I’ll call the original maximum the “hard” maximum to make it easier to compare to the soft maximum.
The soft maximum of two variables is the function
g(x, y) = log( exp(x) + exp(y) ).
This can be extended to more than two variables by taking
g(x1, x2, …, xn) = log( exp(x1) + exp(x2) + … + exp(xn) ).
The soft maximum approximates the hard maximum. Why? If x is a little bigger than y, exp(x) will be a lot bigger than exp(y). That is, exponentiation exaggerates the differences between x and y. If x is significantly bigger than y, exp(x) will be so much bigger than exp(y) that exp(x) + exp(y) will essentially equal exp(x) and the soft maximum will be approximately log( exp(x) ) = x, the hard maximum. Here’s an example. Suppose you have three numbers: -2, 3, 8. Obviously the maximum is 8. The soft maximum is 8.007.
The soft maximum approximates the hard maximum but it also rounds off the corners. Let’s look at some graphs that show what these corners are and how the soft maximum softens them.
Here are 3-D plots of the hard maximum f(x, y) and the soft maximum g(x, y). First the hard maximum:
Now the soft maximum:
Next we look at a particular slice through the graph. Here’s the view as we walk along the line y = 1. First the hard maximum:
And now the soft maximum:
Finally, here are the contour plots. First the hard maximum:
And now the soft maximum:
The soft maximum approximates the hard maximum and is a convex function just like the hard maximum. But the soft maximum is smooth. It has no sudden changes in direction and can be differentiated as many times as you like. These properties make it easy for convex optimization algorithms to work with the soft maximum. In fact, the function may have been invented for optimization; that’s where I first heard of it.

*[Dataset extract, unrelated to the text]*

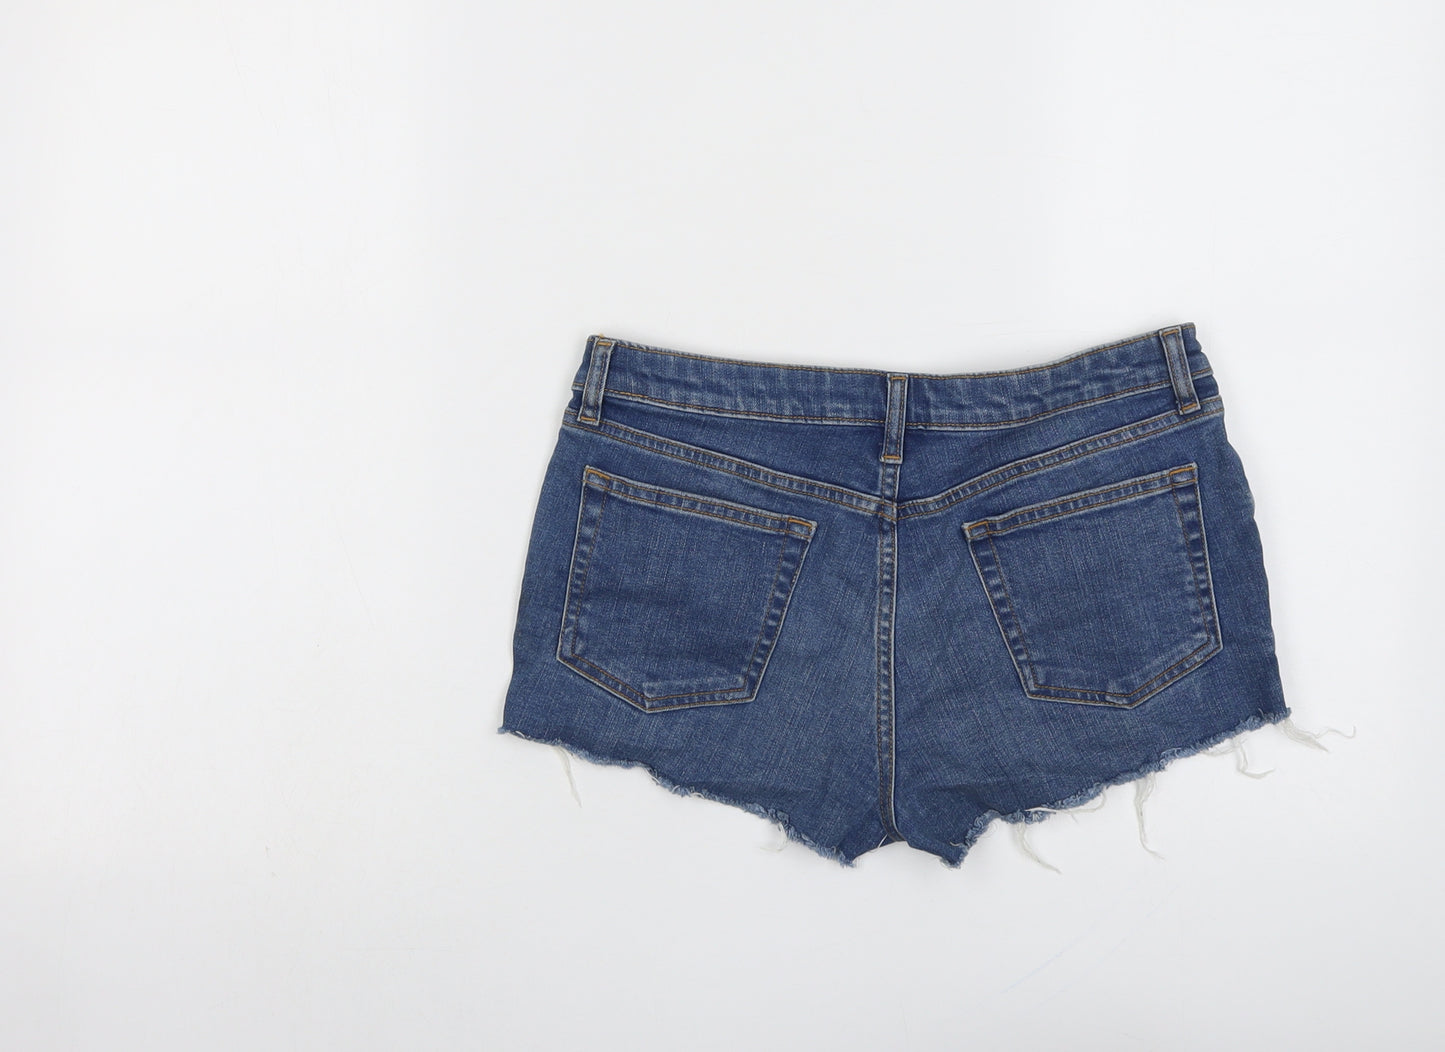 Topshop Womens Blue Cotton Hot Pants Shorts Size 10 L3 in Regular Button - Frayed Hem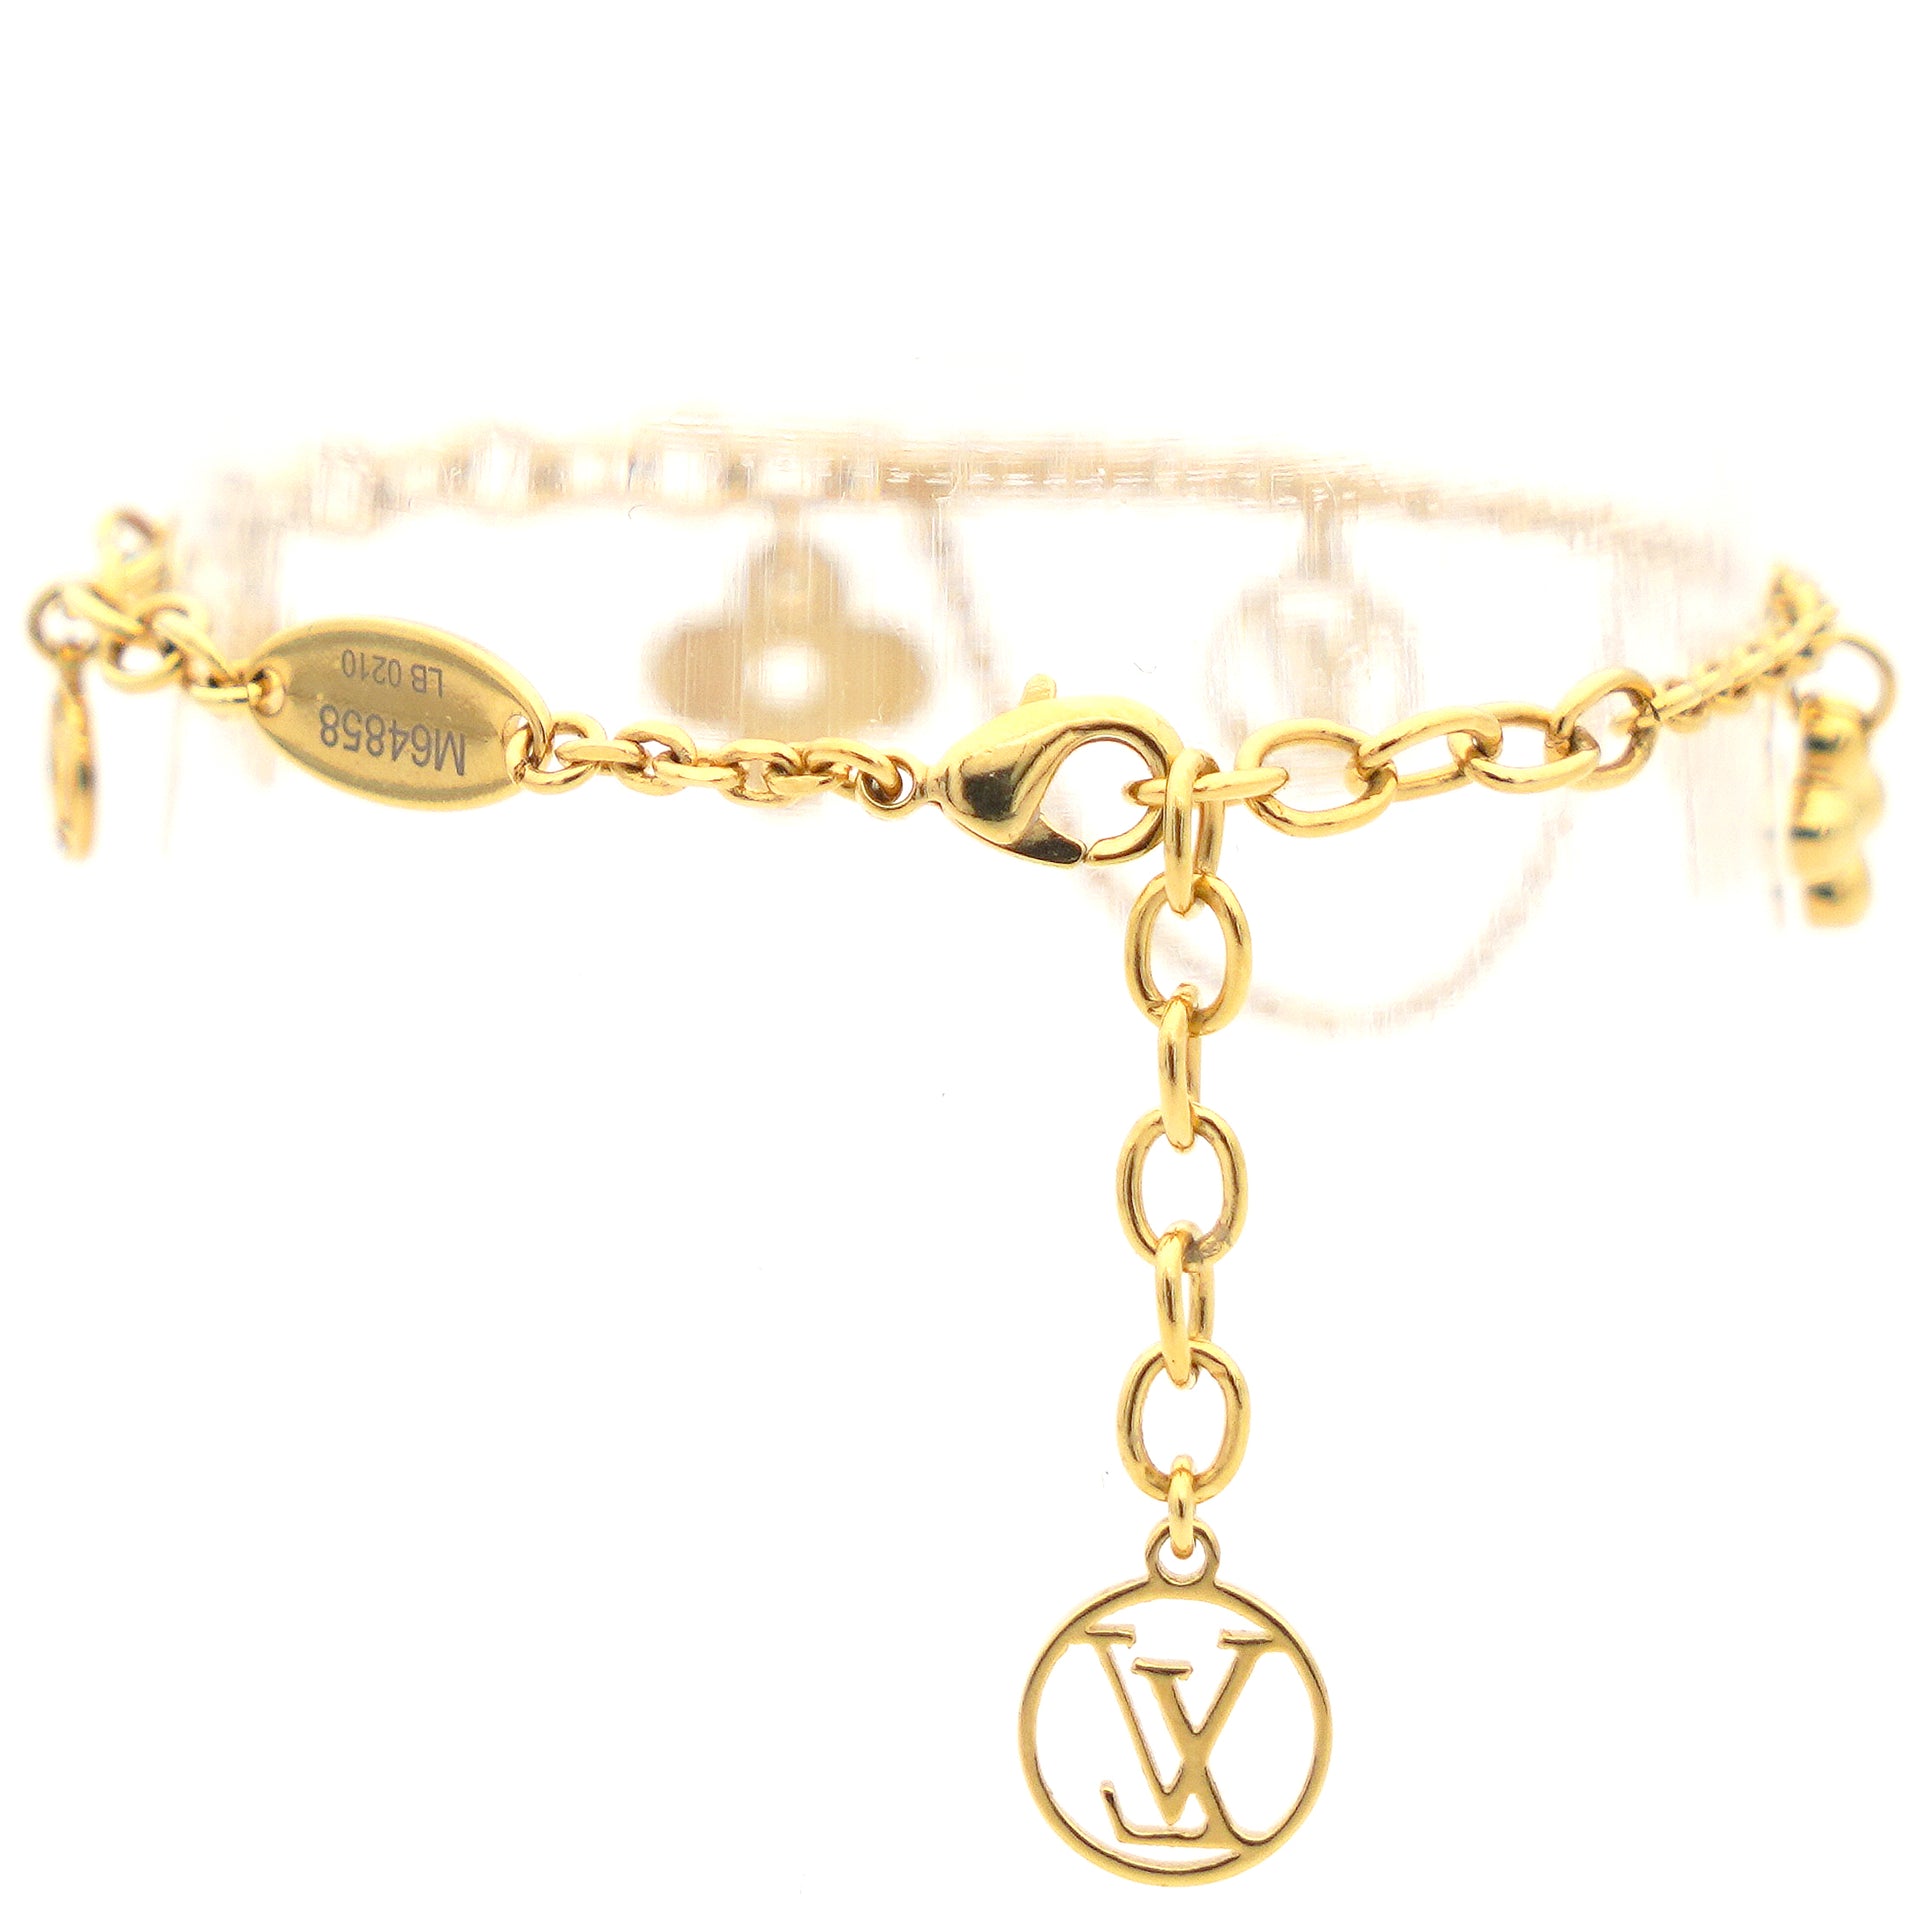 Authentic Louis Vuitton M64858 Blooming Flower Chain Bracelet Gold

Notice that the accuracy of the soft maximum approximation depends on scale. If you multiply x and y by a large constant, the soft maximum will be closer to the hard maximum. For example, g(1, 2) = 2.31, but g(10, 20) = 20.00004. This suggests you could control the “hardness” of the soft maximum by generalizing the soft maximum to depend on a parameter k.
g(x, y; k) = log( exp(kx) + exp(ky) ) / k
You can make the soft maximum as close to the hard maximum as you like by making k large enough. For every value of k the soft maximum is differentiable, but the size of the derivatives increase as k increases. In the limit the derivative becomes infinite as the soft maximum converges to the hard maximum.
Update: See How to compute the soft maximum.
21 thoughts on “Soft maximum”
Nice find. =-)
This is actually the core of Exponential Shadow Maps technique: www-flare.cs.ucl.ac.uk/staff/J.Kautz/publications/esm_gi08.pdf
Found via your tweet.
The family of power means includes the arithmetic mean, the geometric mean, the harmonic mean, minimum, and maximum:
By varying the exponent, you can make the “maximum” as soft or as hard as you want.
The soft maximum is a special case of the generalized f-mean:
What software did you use to create this graph?
I really like the color palette
You’ve left out a normalization, I think, since g(x,x) = log(exp(x)+exp(x)) = log(2*exp(x)) = log(2) + x, which is not f(x,x)= x. You likely want g(x,y) = log((exp(x)+exp(y))/2), which is the Generalized f-mean that Peter Turney mentions.
Very interesting. I’m curious to know some examples of where and why you’d replace the hard maximum with the soft maximum?
Troy: one reason to replace the hard maximum with the soft maximum would be to use optimization methods (e.g. Newton’s method) that require objective functions to be twice-differentiable. I’ve also heard that the soft maximum function comes up in electrical engineering problems with power calculations.
Tim: I made my plots using Mathematica. The colors were the defaults for contour plots.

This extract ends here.